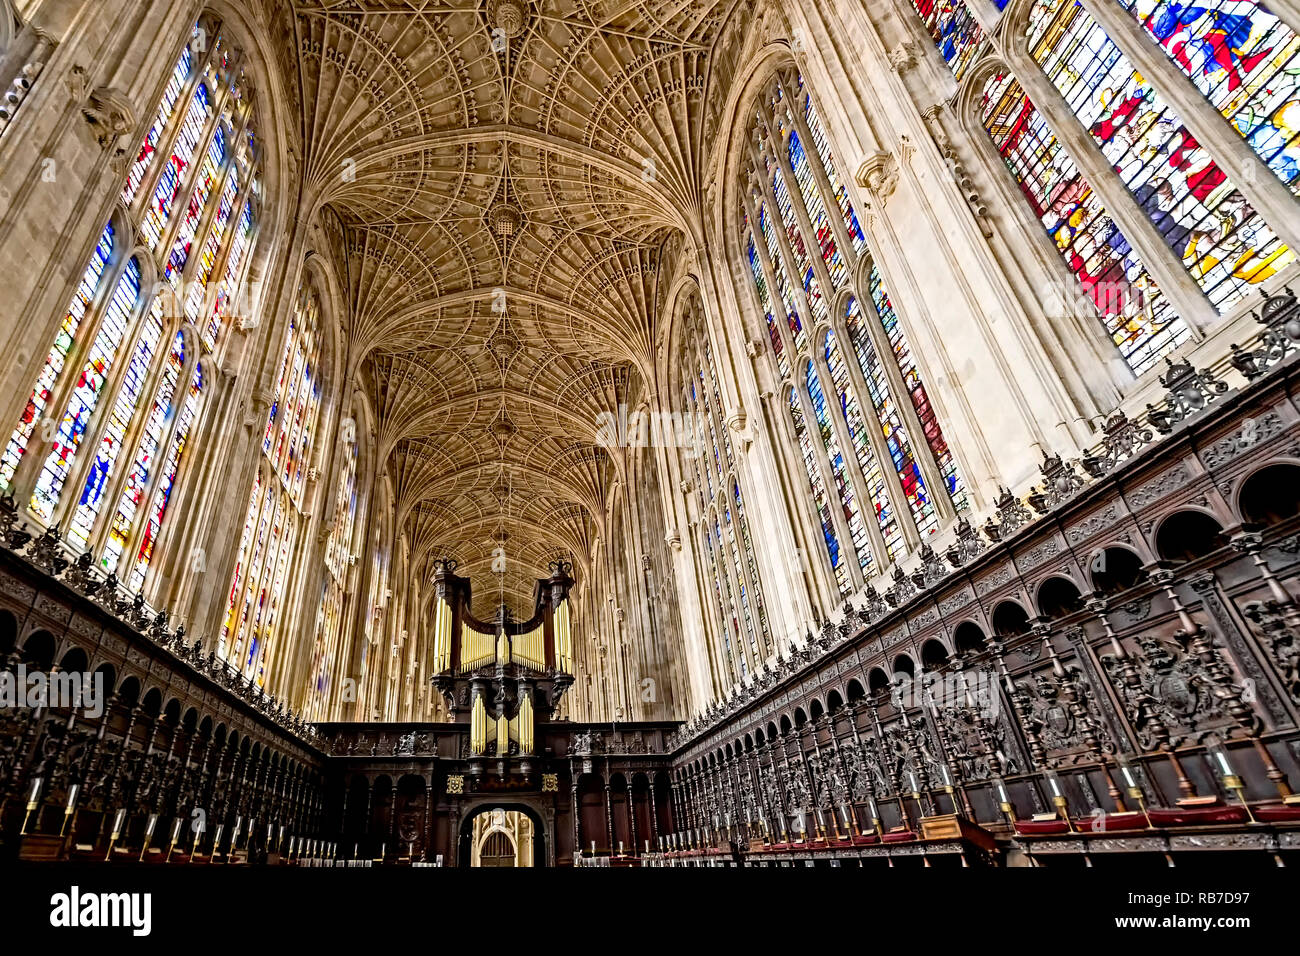 King's College (Cambridge, England) Stock Photo
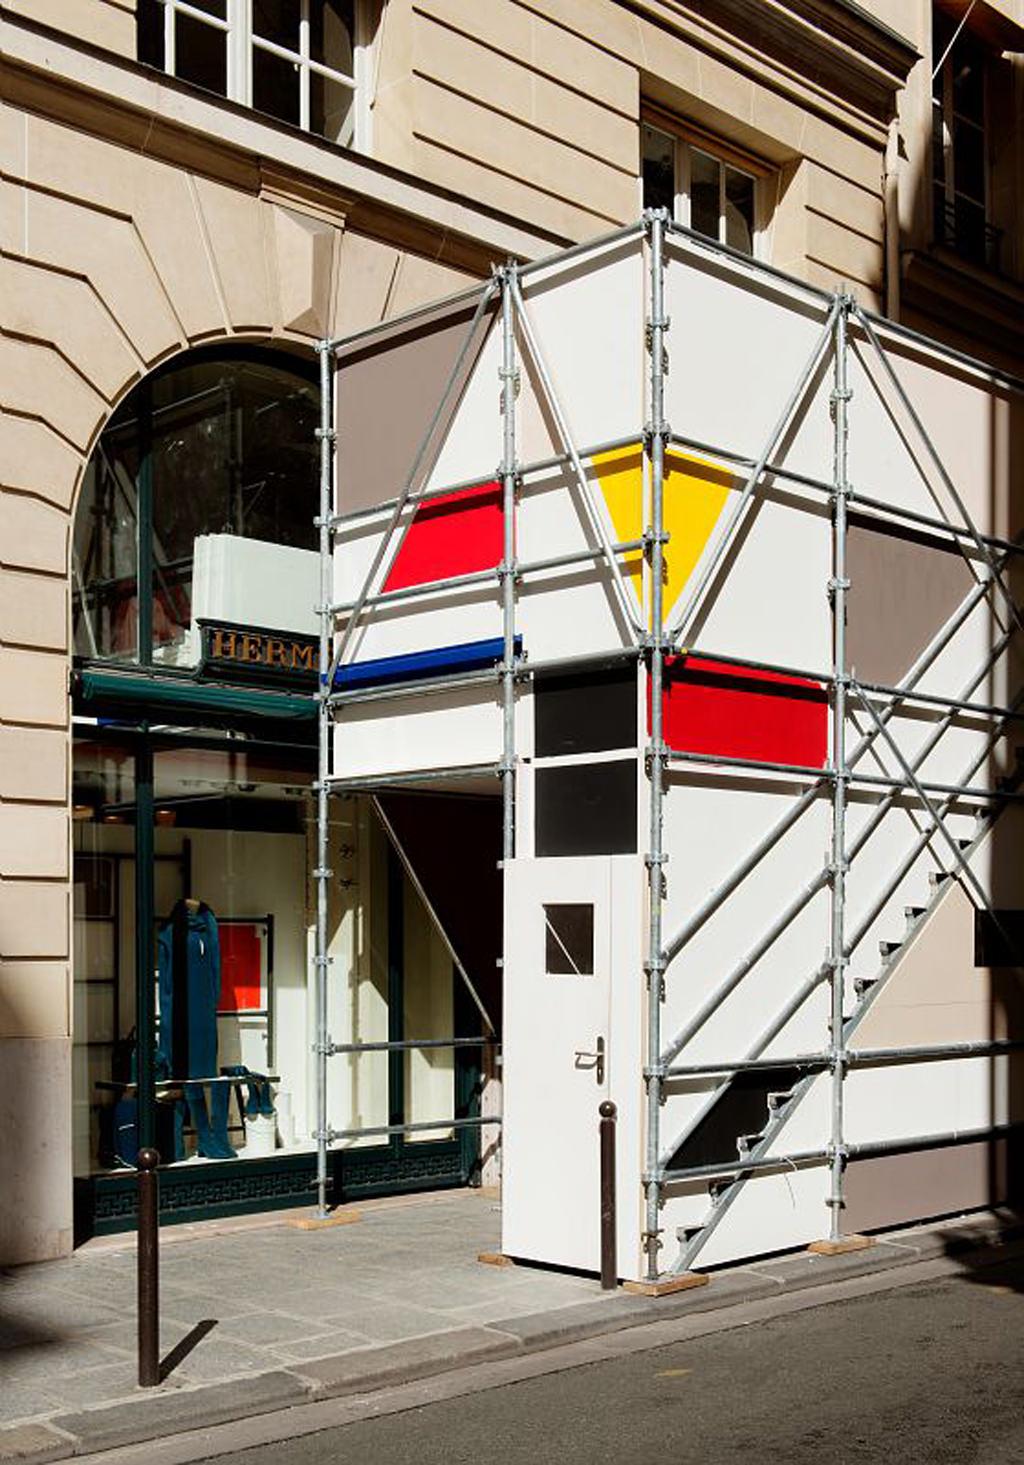 24 Faubourg Saint-Honore, Paris, automne 2015 Petite vitrine
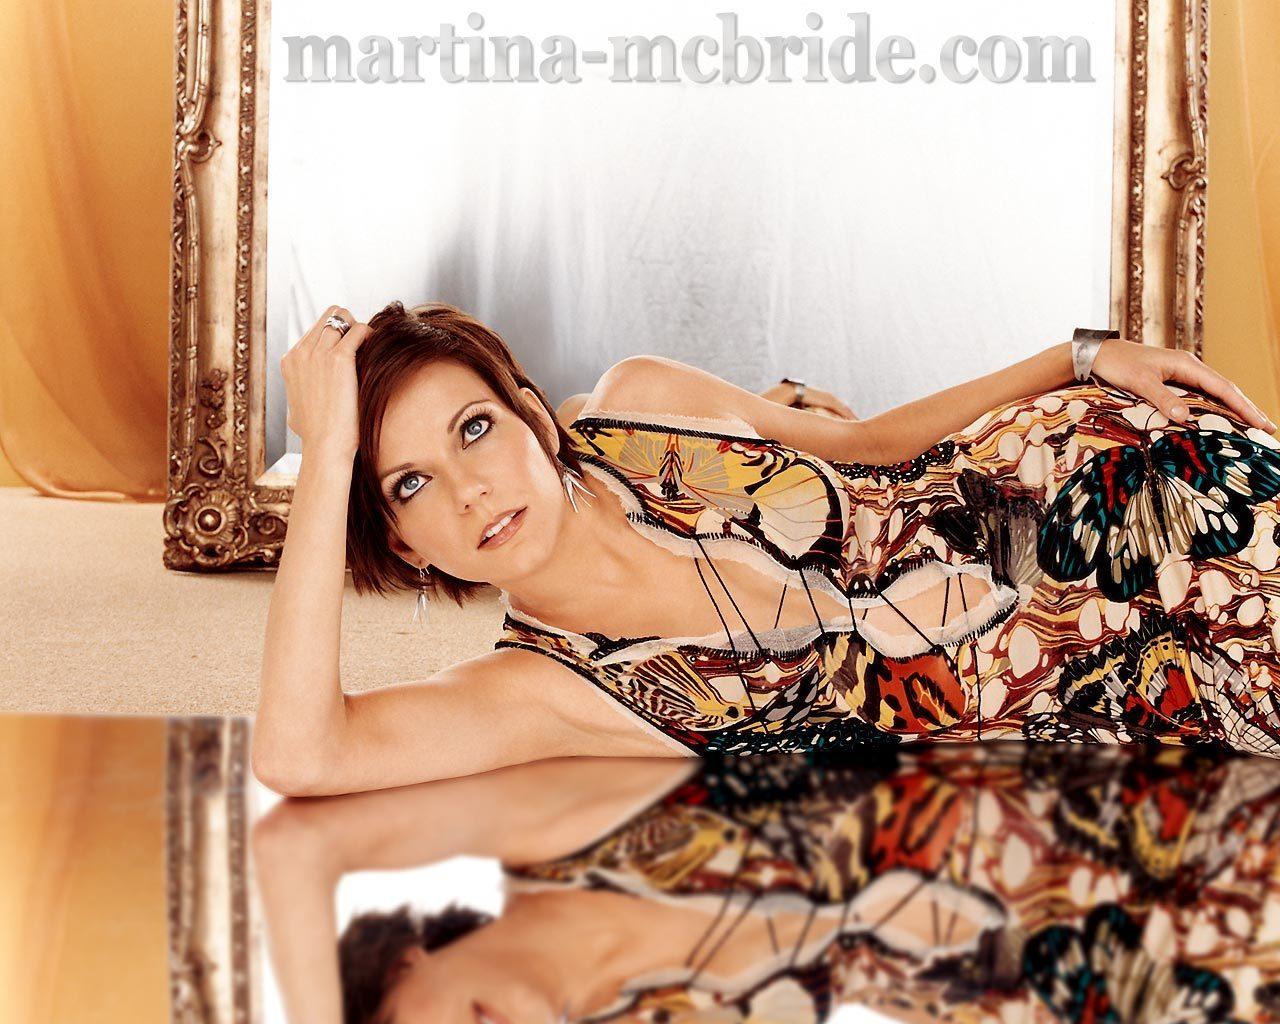 Martina McBride Wallpaper   Country Music Wallpaper 10596336 1280x1024
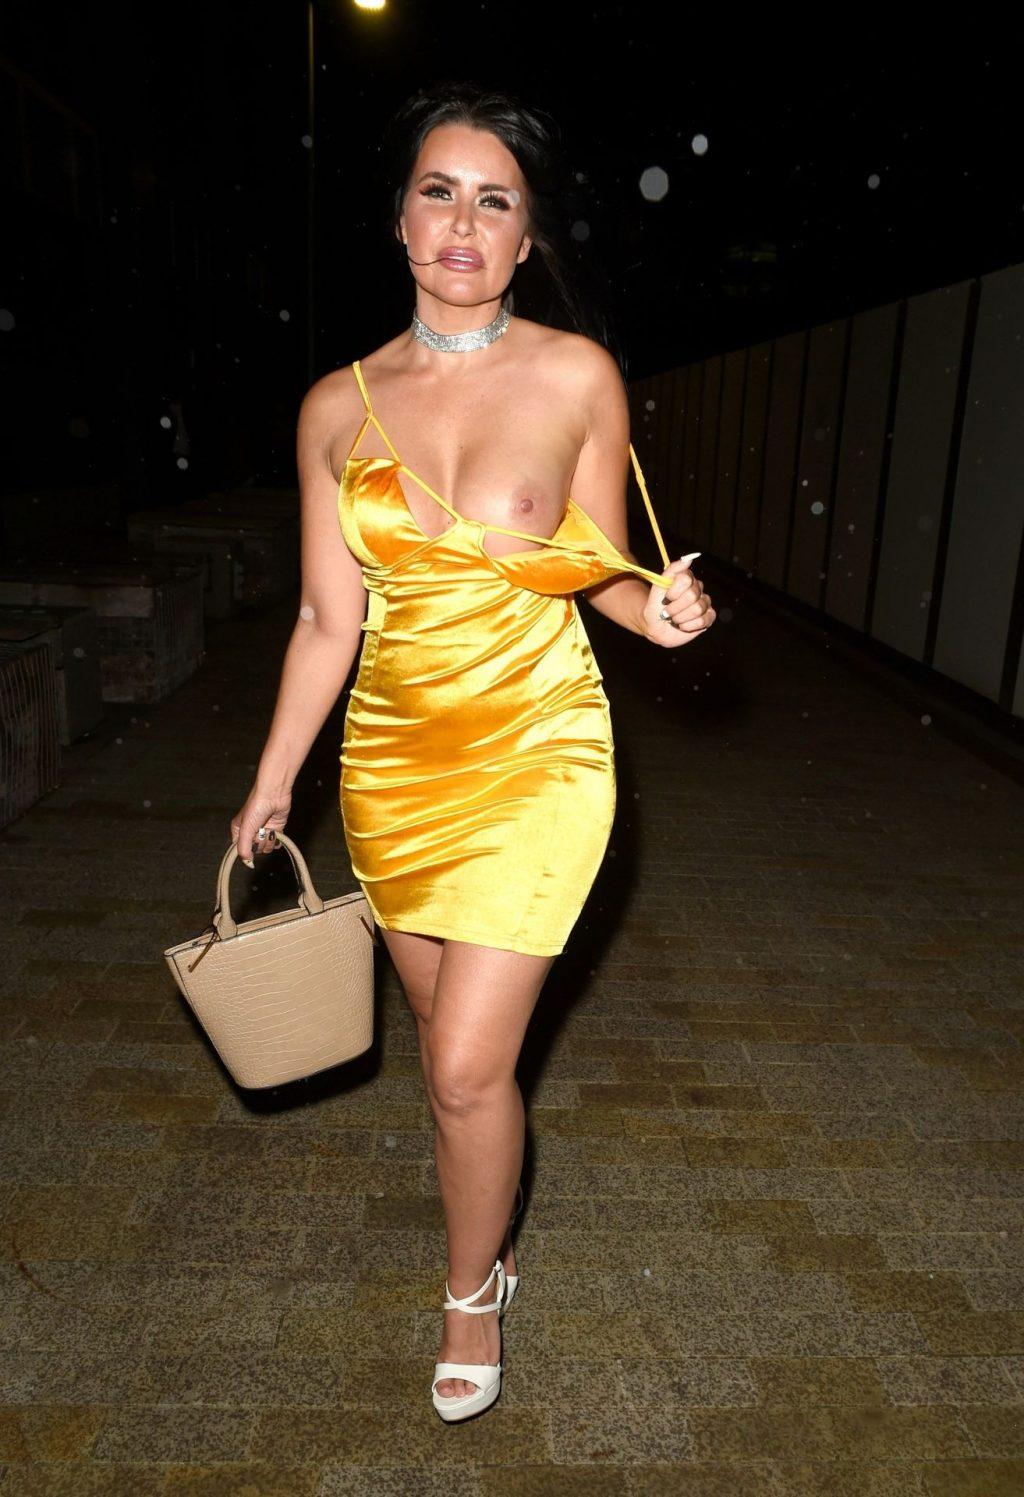 Glamour Model Sarah Longbottom Enjoys Her Nude Wild Night (20 Photos)

+---+

▶ [Required action] Beginning with the line that contains "24 Faubourg Saint-Honore, Paris, automne" and ending with the final line of the listing, return each line exactly. Omit all pictures.

▶ [Exercise response]
 24 Faubourg Saint-Honore, Paris, automne 2015 Petite vitrine
 Martina McBride Wallpaper   Country Music Wallpaper 10596336 1280x1024
 Glamour Model Sarah Longbottom Enjoys Her Nude Wild Night (20 Photos)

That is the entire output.